● PROBLEM STATEMENT
Only the lines below from the one that holds "natural stone ......" through the one that holds "Large Vintage White" should appear in the answer, copied exactly, end lines included and pictures omitted.

● ENTRIES PROVIDED
::::::::
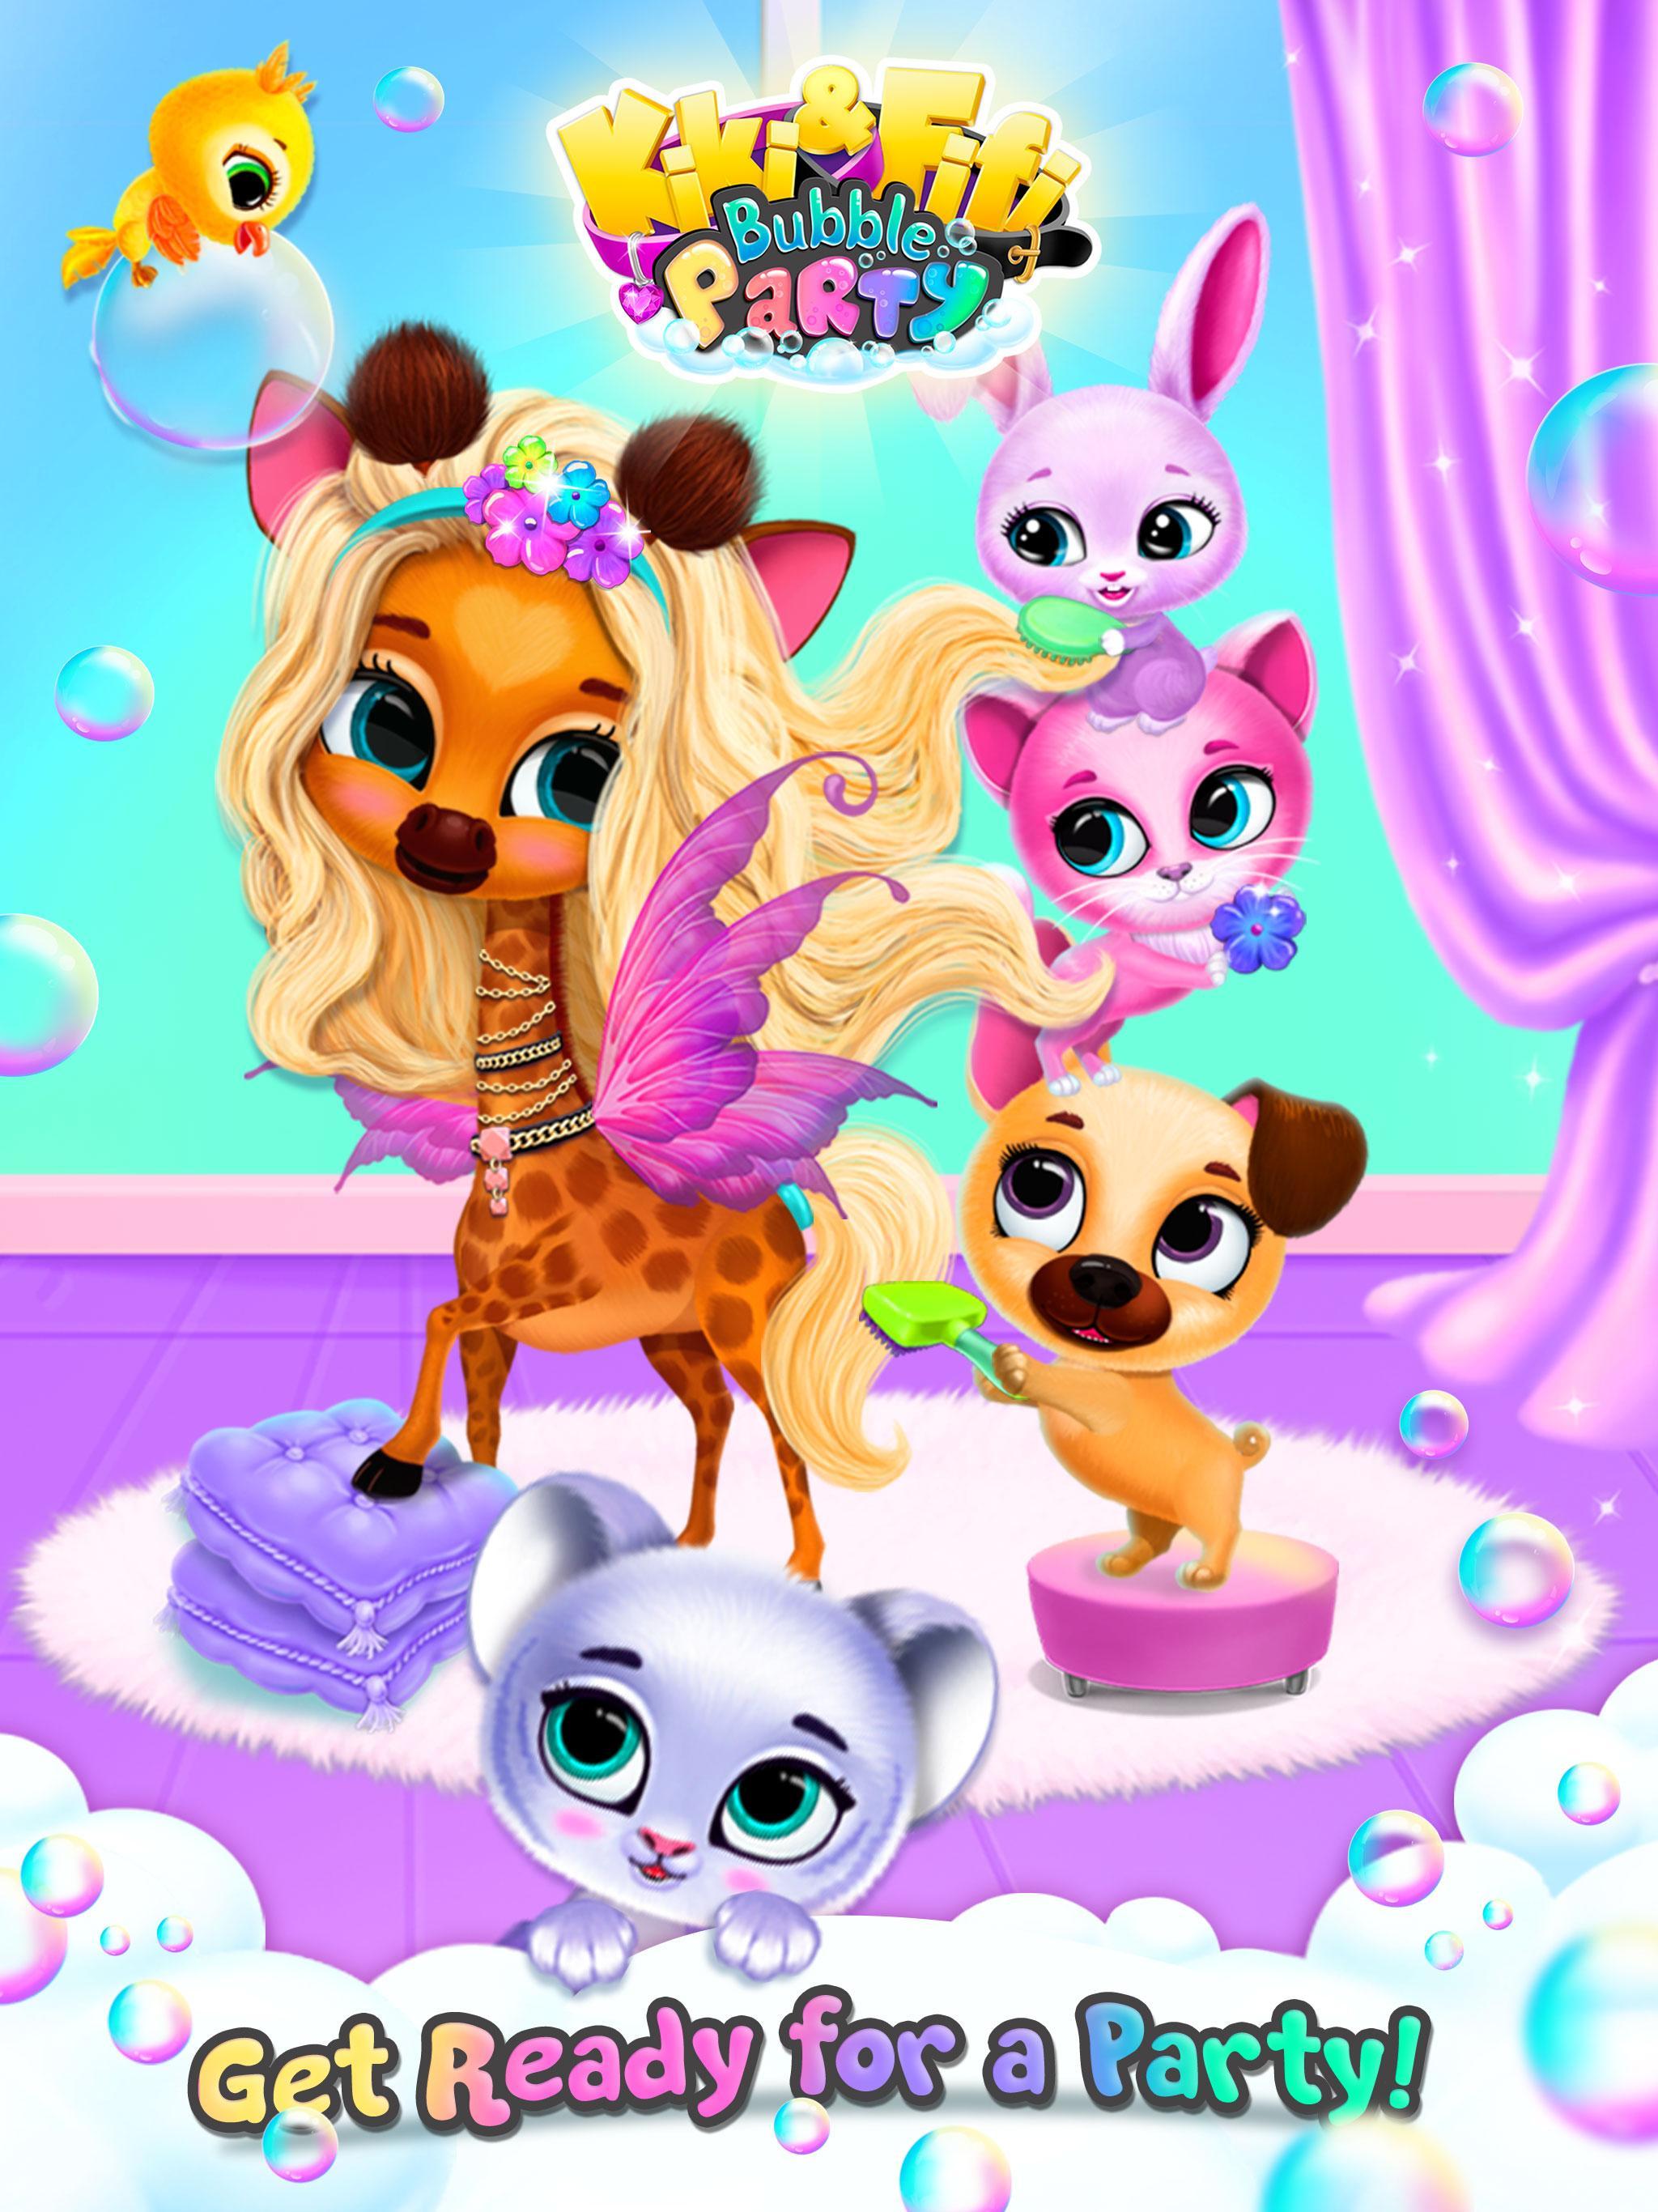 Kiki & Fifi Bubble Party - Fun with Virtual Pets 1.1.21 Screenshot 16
::::::::
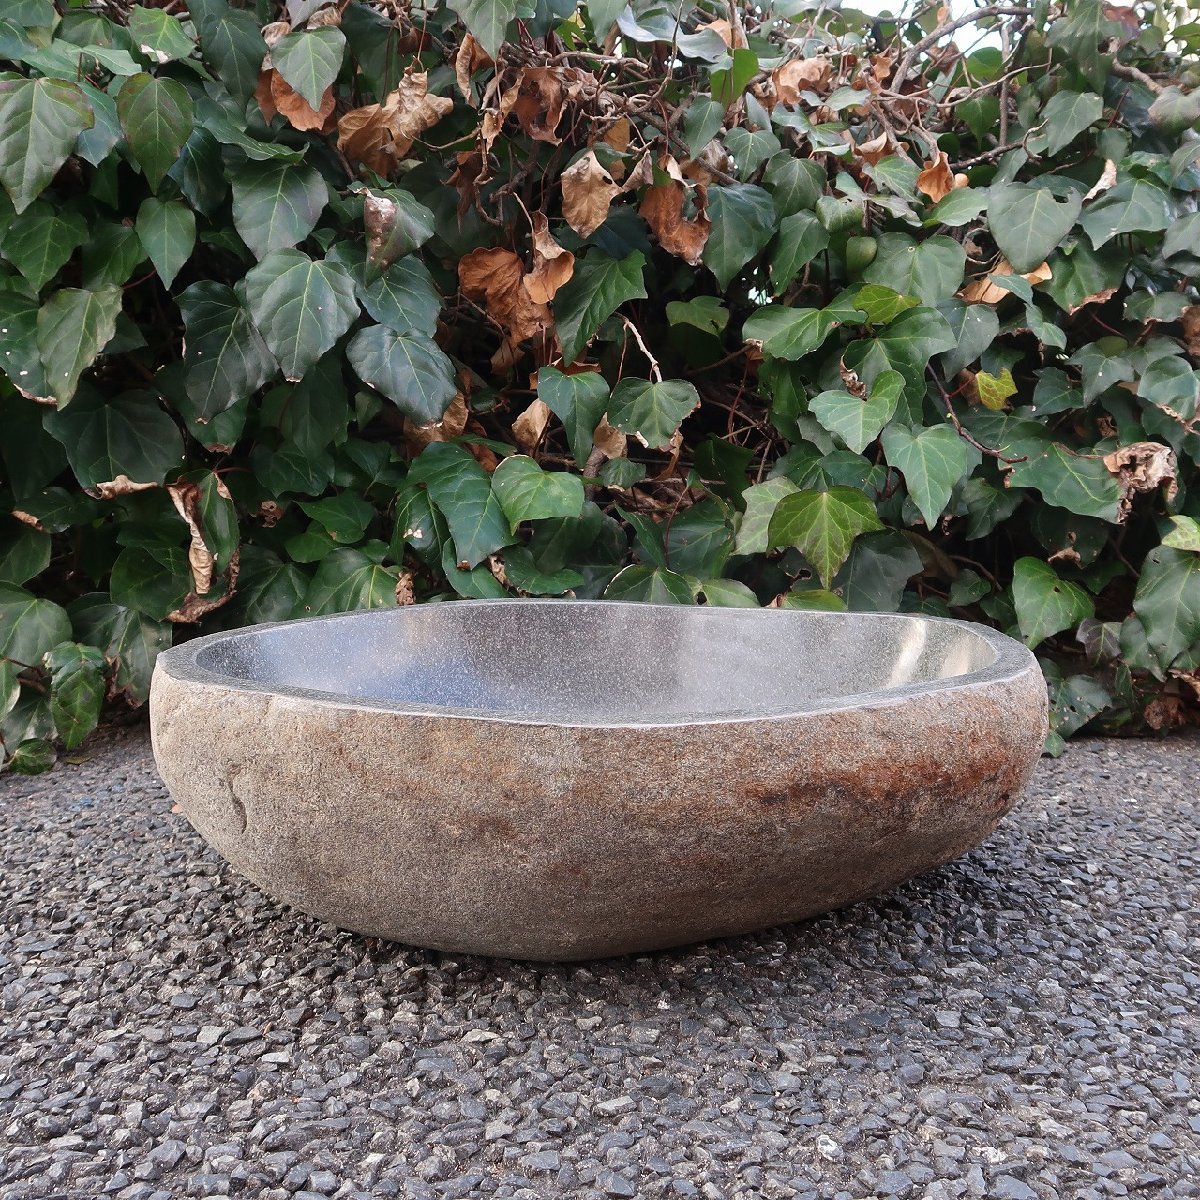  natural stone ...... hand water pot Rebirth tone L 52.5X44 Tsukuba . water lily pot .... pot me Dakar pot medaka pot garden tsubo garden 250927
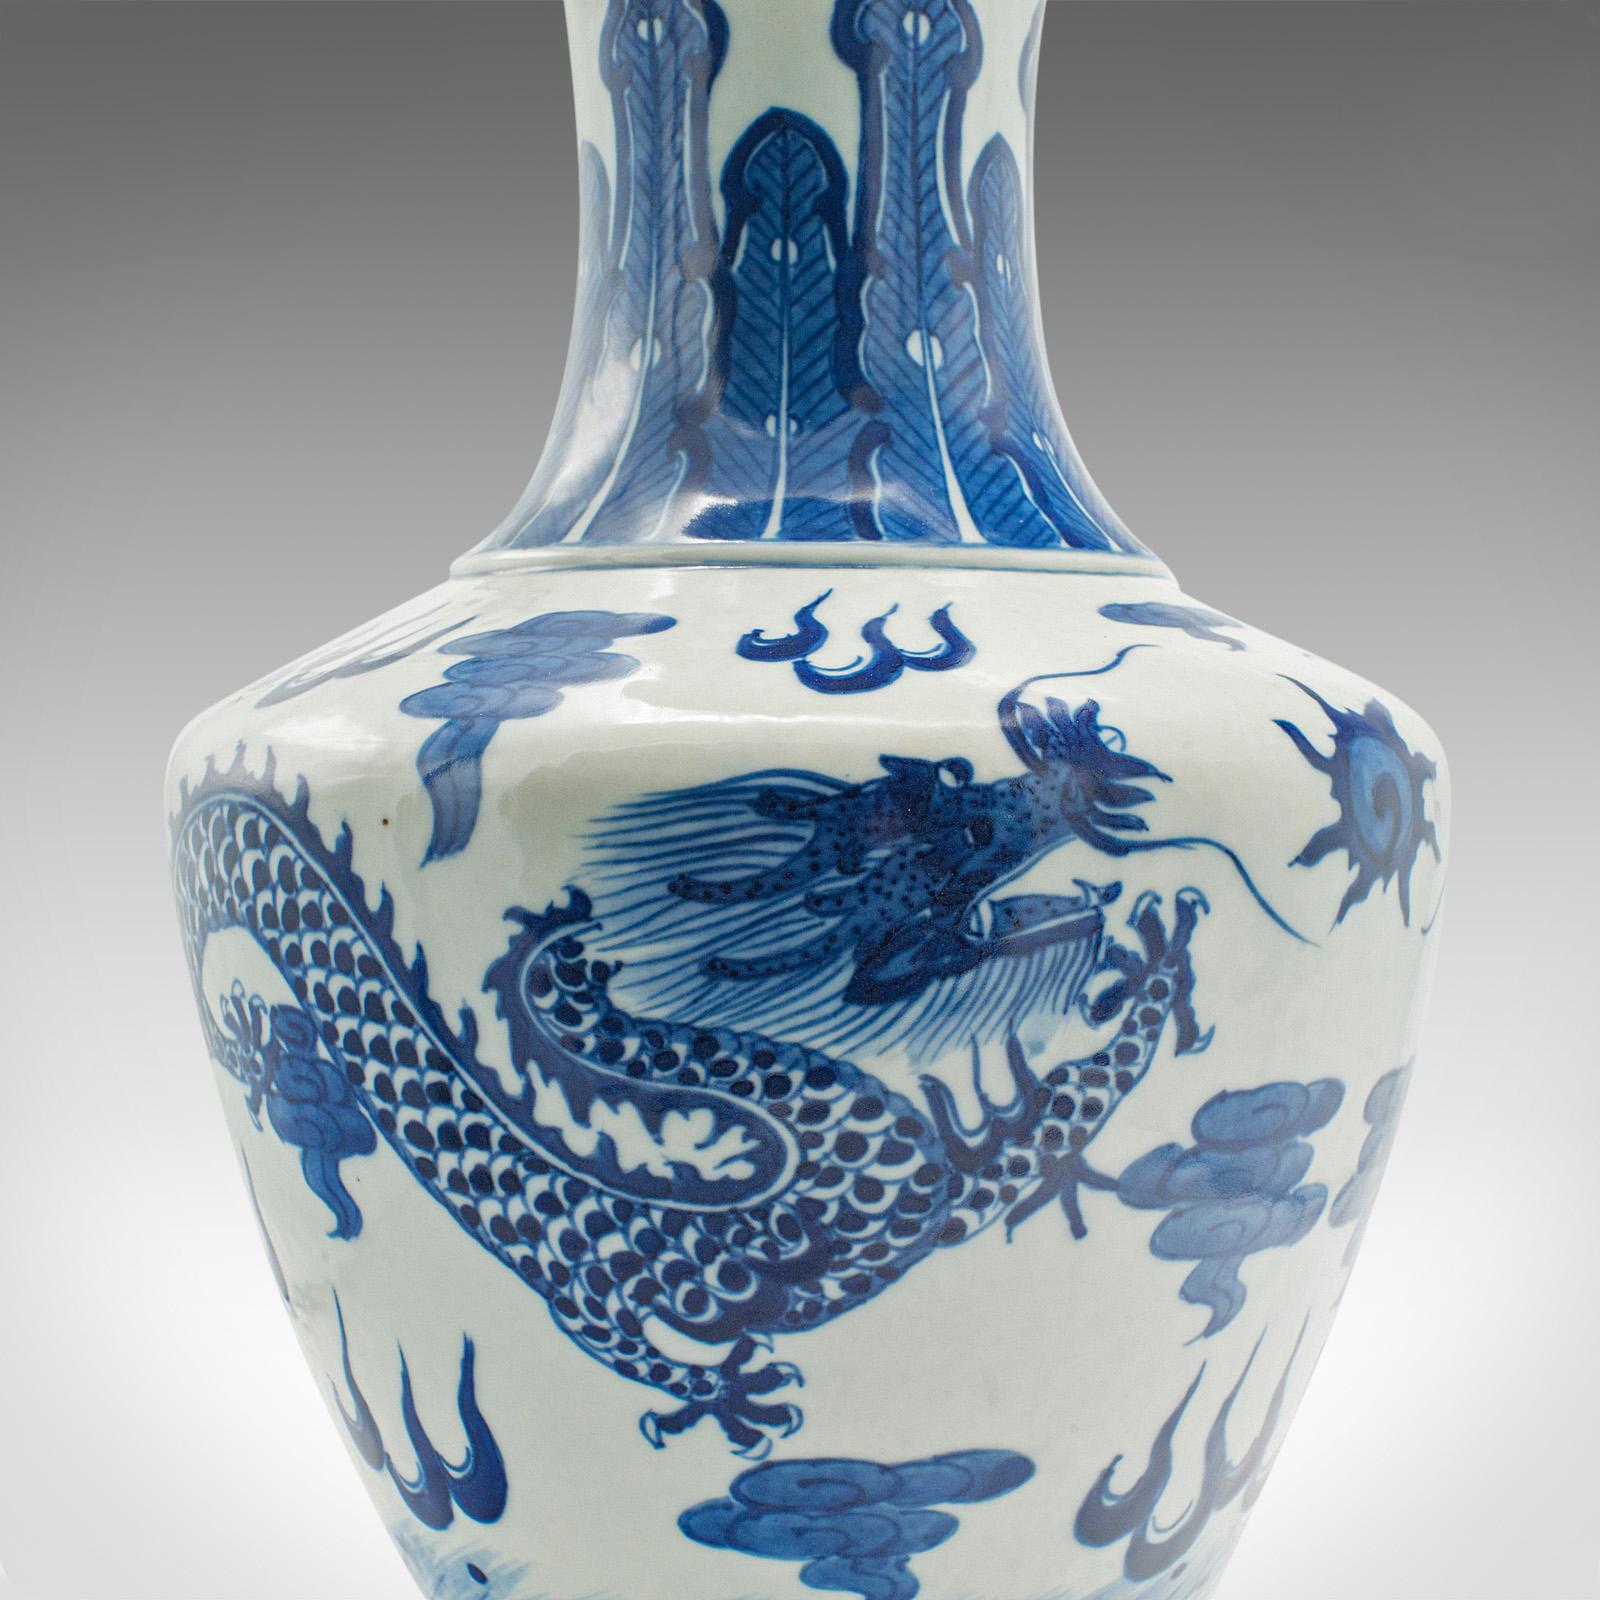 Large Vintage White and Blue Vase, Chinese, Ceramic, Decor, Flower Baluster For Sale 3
::::::::
● EXPECTED OUTPUT
  natural stone ...... hand water pot Rebirth tone L 52.5X44 Tsukuba . water lily pot .... pot me Dakar pot medaka pot garden tsubo garden 250927
 Large Vintage White and Blue Vase, Chinese, Ceramic, Decor, Flower Baluster For Sale 3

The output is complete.